Нарушение восприятия

Кроме всего вышеперечисленного, исследованный Лурией журналист Шерешевский страдал особенным нарушением восприятия действительности. Если голос, который ему не нравился, сообщал даже нужные сведения, иногда память отказывалась их сохранять. Гитлер также был подвержен подобным психологическим нарушениям. Его раздражали модная одежда и новые прически у секретарш. По всей видимости, склонность привести весь окружающий мир к какому‑то единому образцу, являлась следствием данного нарушения. О том, что внезапно возникший внешний стимул мог вывести Гитлера из состояния душевного равновесия, свидетельствуют его манера неожиданно обрывать разговор на полуслове и чувство антипатии, которое он испытывал к определенным людям.

27 января 1944 года Гитлер собрал фельдмаршалов и генералов в ставке «Вольшанце» и потребовал от них клятвы верности. Он обратился к собравшимся: «Господа, я надеюсь, что, когда придет последний час, вы, мои генералы, будете вместе стоять на баррикадах и вы, мои фельдмаршалы, с обнаженными шпагами останетесь со мной». В ответ на это Манштейн сказал: «Это будет и нашим концом, мой фюрер!» Гитлер был настолько поражен этой внезапной репликой, что сразу же прекратил свою речь.[124]

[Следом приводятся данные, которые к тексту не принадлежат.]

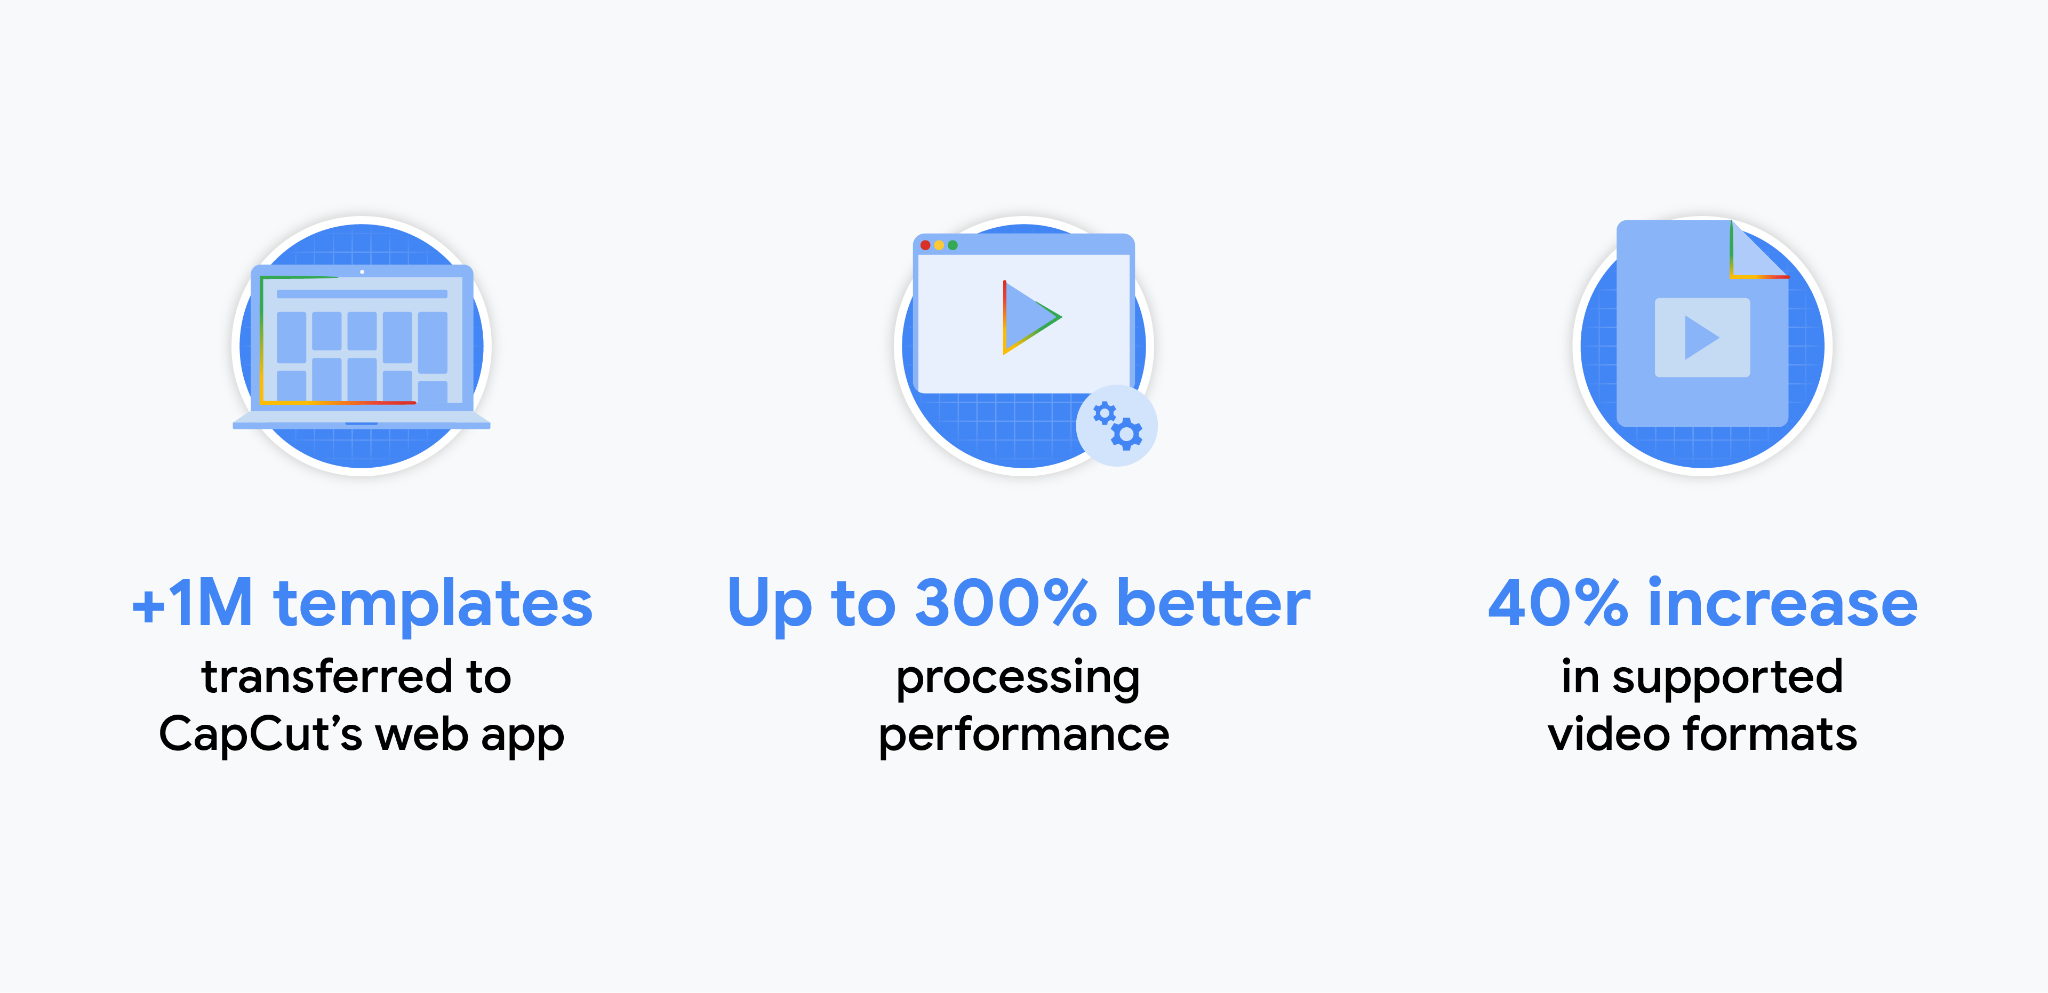 Estatísticas sobre o app CapCut: mais de um milhão de modelos foram transferidos para o app da Web do CapCut. Até 300% de melhoria no desempenho de processamento. Aumento de 40% em formatos de vídeo compatíveis.

Даже Геббельс, который не испытывал симпатии к фон Манштейну и прозвал его «маршалом отступления», был удивлен поведением фюрера 6 февраля 1944 года. «На самом деле реплика фельдмаршала фон Манштейна не была уж столь драматична, как нам показалось вначале. Фюрер заявил, что в самый трудный момент ждет от своих офицеров верности, на что Манштейн ответил: "Это будет и нашим концом, мой фюрер!" Действительно, в этом не было ничего необычного».

Во время публичных выступлений у Гитлера особенно отчетливо проявлялась «зависимость от настроения публики… Особенно в политическом отношении более спокойные (и поэтому наиболее для него трудные) 1925‑1928 годы Адольф Гитлер отказывался от выступления или прекращал свою речь, если чувствовал, что она не оказывает нужного действия на слушателей».[125]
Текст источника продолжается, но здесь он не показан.